Do It With Style: Rethinking CSS - Dylan Beattie

Cascading Style Sheets. CSS. The language everybody loves to hate. Everything's global, there's no control flow, there's no error messages... in fact, some people say it isn't even a real programming language.

But CSS isn't just about making websites look pretty. It's one of the fundamental building blocks of the open web, and it's continuously evolving. Modern CSS has variables, grids, flexboxes, animations, view transitions... When it comes to layout, accessibility, interaction and validation, CSS can do all kinds of things you thought were impossible - or at least, only possible with a lot of complicated JavaScript. Dylan Beattie's been building web applications since before CSS was invented - yes, really - and in this session, he'll take you on a whirlwind tour of some of the weird and wonderful things you can do in 2026 using semantic HTML, a generous sprinkling of CSS, and absolutely no JavaScript.

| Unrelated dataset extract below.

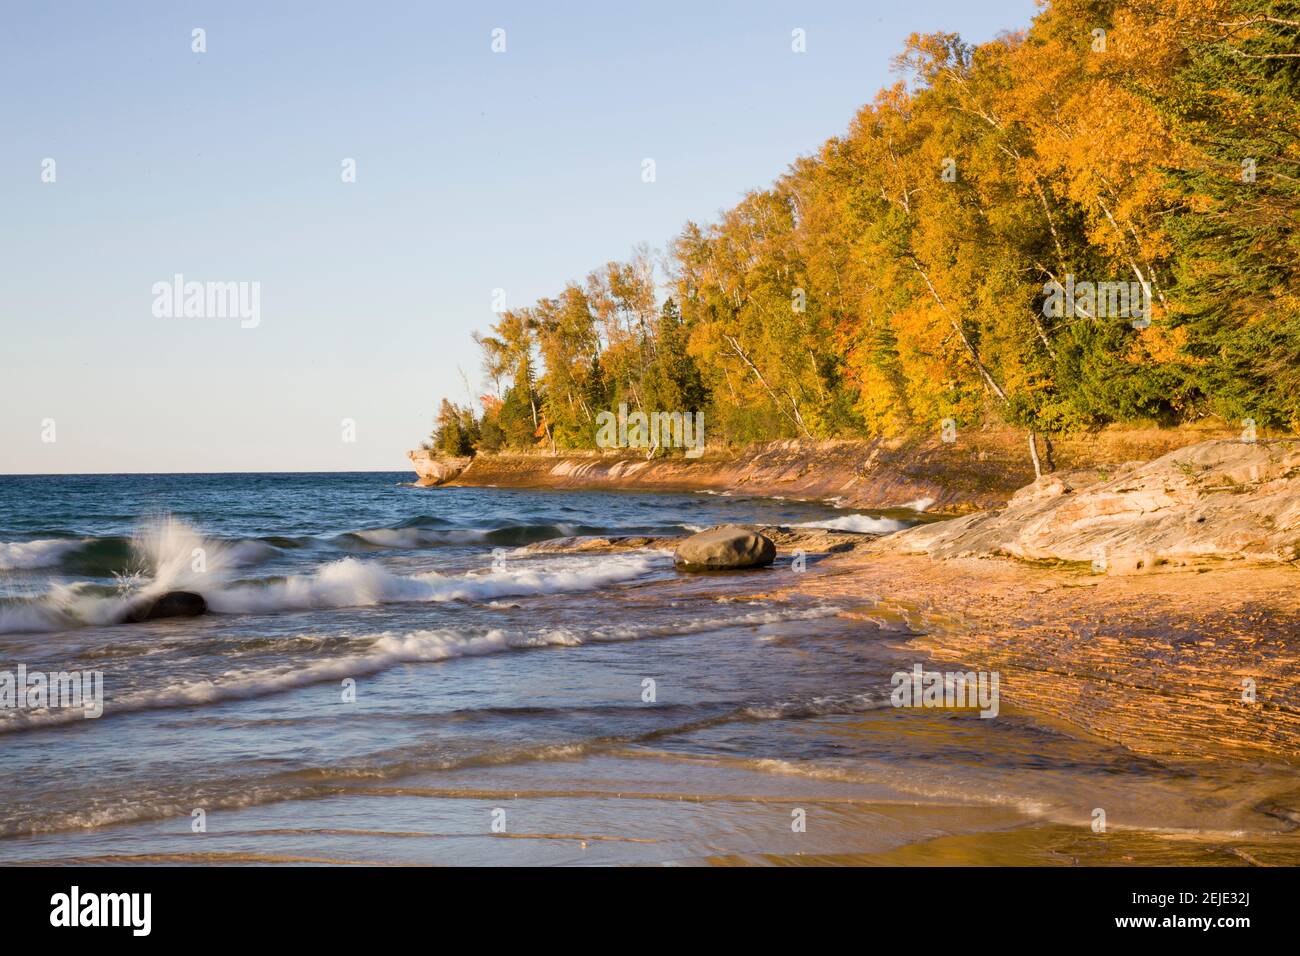 Autumn trees on the coast, Miners Beach, Pictured Rocks National Lakeshore, Alger County, Michigan, USA Stock Photo

OK, maybe a tiny bit of JavaScript. But absolutely no React.

14:15

The Power of an Agile Mindset – for Groups - Linda Rising

In August 2011 in Salt Lake City, Linda gave the closing keynote for the Agile Conference. It introduced the notion of "the agile mindset," based on the research of Stanford psychologist, Carol Dweck. The idea of the agile mindset has grown over time and now the focus has moved up a level to organizations. The question is, "Can an organization, like an individual, have a fixed or a growth mindset? If so, what are the effects on the organization and its employees?" Linda will tackle this question and related ones, with some tips for improving your mindset and that of your team and organization.

15:00

Fika

A second break with refreshments.

15:30

Modern Software Engineering - Building Better Software Faster - Dave Farley

What really works to help us build better software faster? What are the fundamentals of our profession, that if we get them right, and apply them whatever our goal and whatever our technology, will increase our chances of success. Some of these ideas have been hiding in plain sight, and if we just take them and build our practice and process on them, we do get better results. So what are they, what does that take, and what are the hallmarks of great software development?

In this talk Dave Farley explores these ideas, and with examples from software and other industries illustrates each of 10 ideas that when combined can be used to form the basis of a modern, agile, engineering approach to software development. Dave also answers the question “what does ‘quality’ in software really mean?”.